A nível de tese, sustenta-se que as relações de poder incidentes sobre o corpo são reproduzidas por meio de uma violência simbólica, que predispõe os sujeitos em sociedade a reproduzirem a sua lógica de poder. O campo do irrefletido está correlacionado à crença de que mudar o corpo é essencial para se afirmar em um gênero. Sendo assim, entende-se que o discurso que sustenta a existência da escolha é falacioso. Não se escolhe quando alguém já tomou uma decisão prévia pelo indivíduo e o mesmo é simplesmente conduzido a seguir uma configuração de poder externa.

A concepção de que a alteração do corpo é uma opção, a partir da presente análise, torna-se fantasiosa, uma vez que o sistema de poder, apresentando-se de forma doce, não dá opção a quem é atravessado pelo mesmo, a não ser segui-lo, acreditando que está usufruindo

de liberdade sobre o seu corpo, beatizando o Estado, que suspostamente permitiria o seu corpo ser como ele sempre deveria ser [sic].

Trata-se de uma reprodução de padrões corporais. Não existe corpo correto ou incorreto quando se fala de gênero. Existe um corpo criado e vinculado a cada um dos gêneros, sendo reproduzido como o correto e o adequado. A lógica de estranheza é produto, é um fruto de relações de poder incidentes sobre corpo, sexo e gênero.

Ademais, deve-se também destacar um outro núcleo de conteúdo identificado nos textos dos participantes, que indica que ainda que o indivíduo tenha consciência das normas de gênero incidentes sobre o seu corpo, ou seja, não estando mais no plano do inconsciente; o mesmo se vê coagido a realizar a mudança corporal por questões sociais. Por acreditar que sua trajetória de vida se tornará menos violenta, e mais bem reconhecida, ao seguir os padrões de gênero disseminados em sociedade. Trata-se de um elemento em que se deposita a expectativa de aceitação social.

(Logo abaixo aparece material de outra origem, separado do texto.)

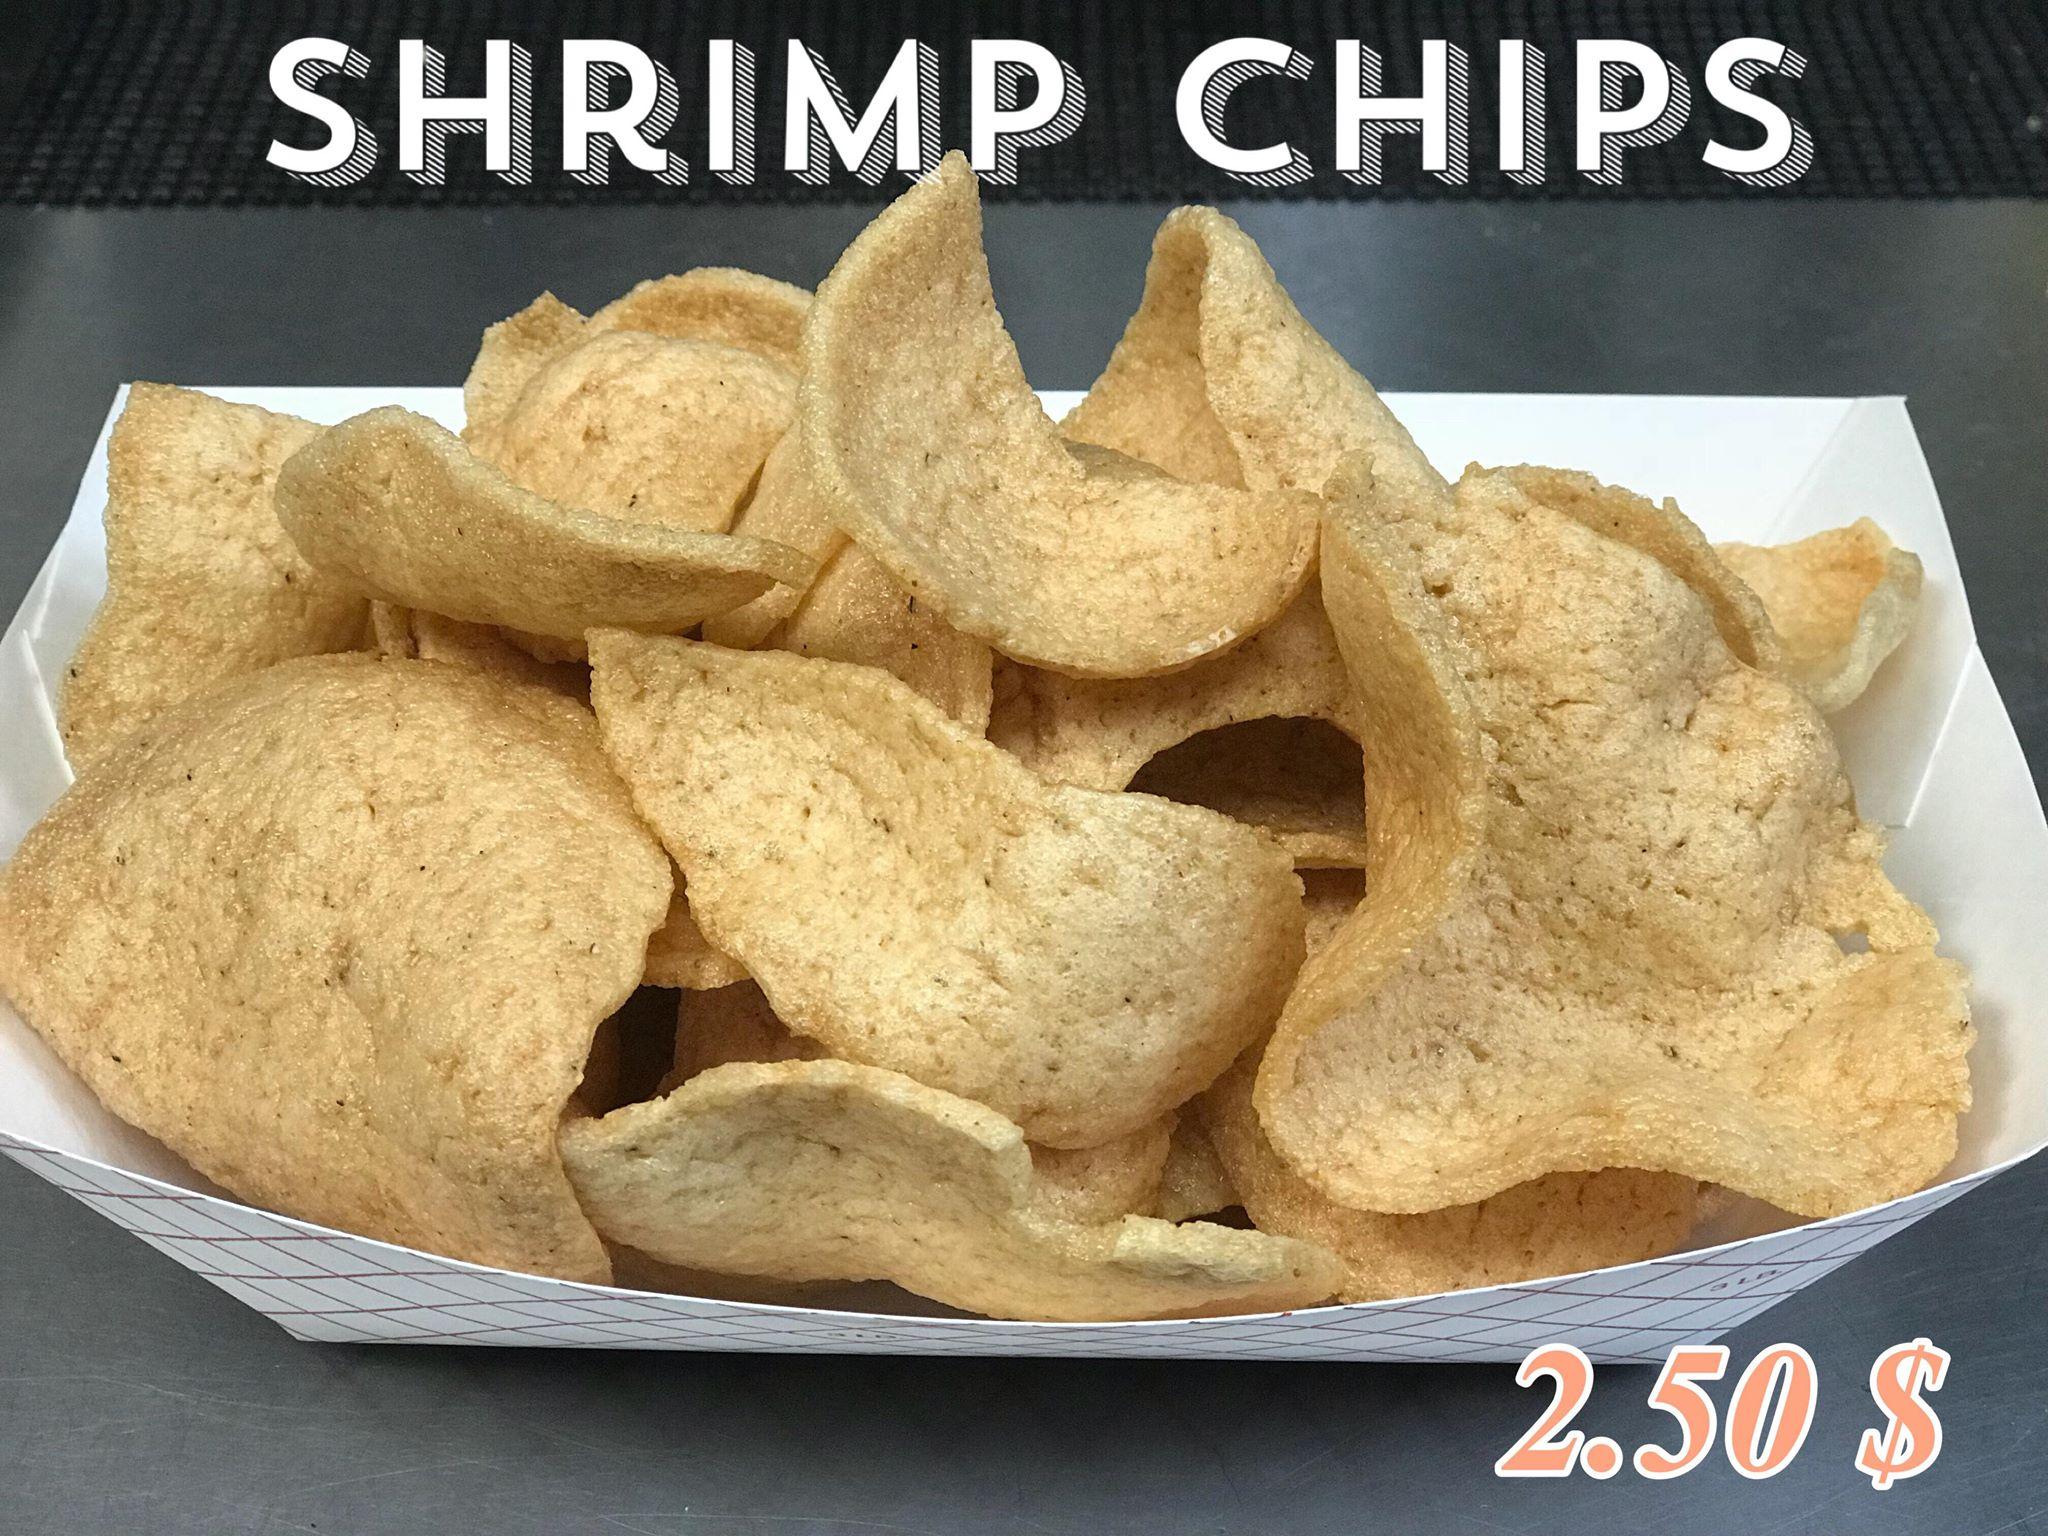 Shrimp Chips Image

Ainda no campo da consciência, um indivíduo que tem noção das normas rígidas de gênero e adere às mesmas por conta da sanção social que o ameaça, não realiza uma escolha. Realiza-se a hormonioterapia, por exemplo, não porque se quer, por espontânea vontade, e sim diante dos obstáculos de socialização, de reconhecimento, apresentados cotidianamente. O indivíduo se vê colocado em uma situação em que opta entre a sua morte e uma tentativa de sobrevivência. Morte em variados sentidos.

Entretanto, ressalta-se as brechas da estrutura de poder, o que permite a ascensão de sujeitos que transcendem à lógica de dominação, ainda que parcialmente, refletindo sobre a desnecessidade de alteração do corpo para fins de gênero. Assim, o discurso não é absoluto em termos de alteração do corpo, o que explicaria homens trans ou mulheres trans que não desejam passar por mudanças corporais. Trata-se de um contexto de complexidade frente aos efeitos das relações de poder modernas. O que não significa, porém, que não há controle de corpos e de vidas a partir do discurso de direito à saúde marcado por uma suposta escolha, sustentado pelo Estado. Muito pelo contrário, a percepção de resistência é minoria.

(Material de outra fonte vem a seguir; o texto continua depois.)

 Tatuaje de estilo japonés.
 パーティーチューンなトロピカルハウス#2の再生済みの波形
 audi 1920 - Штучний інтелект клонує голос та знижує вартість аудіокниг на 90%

Sustenta-se a existência de uma estrutura de poder que domina corpos em sociedade, por meio de uma cultura do corpo sexuado. Inconscientemente ou não, as relações de poder marcam a realidade social, limitando a possibilidade de reflexão. Todavia, todo poder tem espaço pra resistência, tem uma fissura, por meio da qual o corpo é um trunfo de revolução. Sendo assim, identifica-se um núcleo minoritário de reflexão que transcende a corporalidade

para fins de gênero e que teria um grau de ingerência ao negar a realização de mudanças em seu corpo, ainda que o mesmo esteja sendo dominado em outras múltiplas esferas.

Em linhas de conclusão do presente capítulo, sustenta-se, se ainda não está claro, a inexistência da figura escolha, de forma majoritária. Afirma-se que, por meio de relações de poder sobre o corpo, não se pode sustentar que a transição corporal é uma opção do indivíduo. De forma consciente ou não, o sistema de poder é implacável, condenando o incoerente à figura da morte, ainda que o sujeito tenha a vida material. Morte de seus sonhos, morte de sua liberdade, morte de sua dignidade, morte de sua vida. E a ele, a margem. A modificação corporal representa uma esperança, um desejo naturalizado, a solução de problemas, a parte que faltava; considerando o minoritário grupo de reflexão sobre a mesma.